И в третий раз открывал свой горластый рот заводской гудок. Он ревел теперь недолго, но удовлетворенно, торжествующе, словно бы поздравляя всех с новым трудовым днем. Турбины электростанции отзывались в ответ на его приветствие мощным неутомимым гулом, компрессоры, дрожа от напряжения, вели однотонный напев, с подвываньем и лязганьем, включались в работу лебедки, где-то шипел газ, где-то звенел кран, кто-то орал в телефонную трубку, и все сливалось в непрерывный гул сложной заводской жизни.

Завод жил и дышал.

Завод выпивал цистерны спирта, сделанного из картофеля и зерна.

Поезда увозили с завода золотистый каучук, и каждый раз паровоз тонким пронзительным свистом сообщал эту важную новость всему городу.

Третий гудок застал Дашу в цехе. Четырнадцать полимеризаторов, отданных под ее власть, ненасытно требовали внимания и ухода.

Над каждым аппаратом торчали два больших термометра и манометр, а на крышке лежал график. Четыре раза в час надо записать в график температуру в верхней и нижней части аппарата и давление. С одними этими записями хватило бы возни на всю смену, а полимеризаторы то и дело выходят из тесных рамок технологического режима. В пятом и седьмом процесс пошел бурно. Даша пустила в рубашки аппаратов вместо водопроводной холодную артезианскую воду. Не помогло. Выкатив тачку, привезла из холодильника в мешках лед, уложила на крышки. Лед таял, лужами растекаясь по полу.

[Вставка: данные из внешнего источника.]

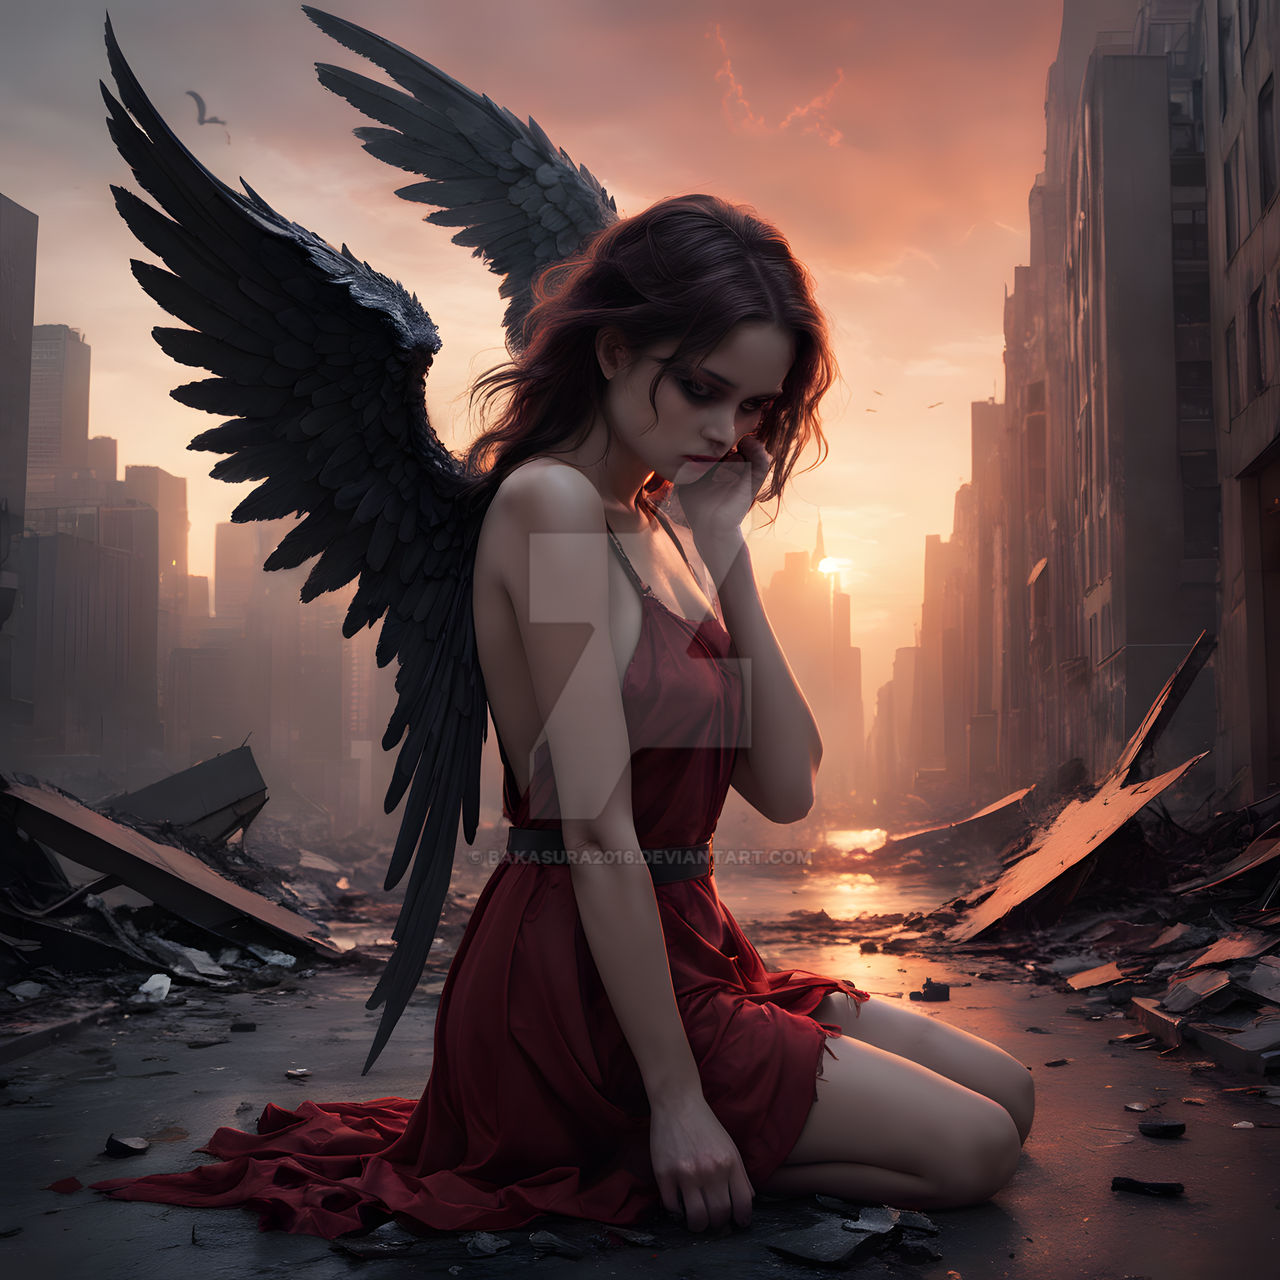 fallen angel 7 by Bakasura2016 on DeviantArt

Спохватилась, что надо графики заполнить. В спешке неловко задела термометр на десятом аппарате, тот со звоном раскололся.

Уж как пойдет смена неладом, так до конца и нижутся одна на другую напасти. В двенадцатом аппарате приспело время выгружать каучук. Едва болтировщик, открутив гайки, включил мотор крана, как из аппарата полыхнуло пламя. Блок загорелся! Даша подхватила на совок порошкового мелу, принялась сыпать на горящий блок. Настя Золотова, покинув свое отделение, набирала из крана в ведро воду, чтоб затушить огонь. Но огонь ни от мелу, ни от воды не хотел утихомириться. Так, горящим, и погрузили блок на тачку. В тачке уж удалось залить.

За всю смену не то что присесть — и постоять минутки не удалось Даше. А тут еще маленький тоже требовал своего. Сильно уже выпирал у Даши живот под спецовочным комбинезоном, торкался ребенок ножками, и порой такая наплывала слабость, что Дашу покачивало, как березку на ветру.

Куда, казалось, хватало с этими аппаратами всяких неприятностей, но Мусатов едва не каждый день предостерегал от крупной беды:

— Будьте внимательны. Процесс опасный. При недогляде может случиться взрыв.

Первое время работницы на шаг боялись отойти от траншеи с аппаратами, глаз не спускали с приборов. Но однажды Даша зазевалась, упустила давление — ничего, никакого взрыва не произошло. Только досталось от Мусатова за нарушение режима.

Впрочем, Мусатов и не узнал бы ничего, если бы Даша не записала в график скачок в давлении. Настя по пути домой ей растолковала, как надо поступать в таких случаях.

— Больно честная ты, Дашка, — сказала она. — Да на что ж самой себе неприятности творить?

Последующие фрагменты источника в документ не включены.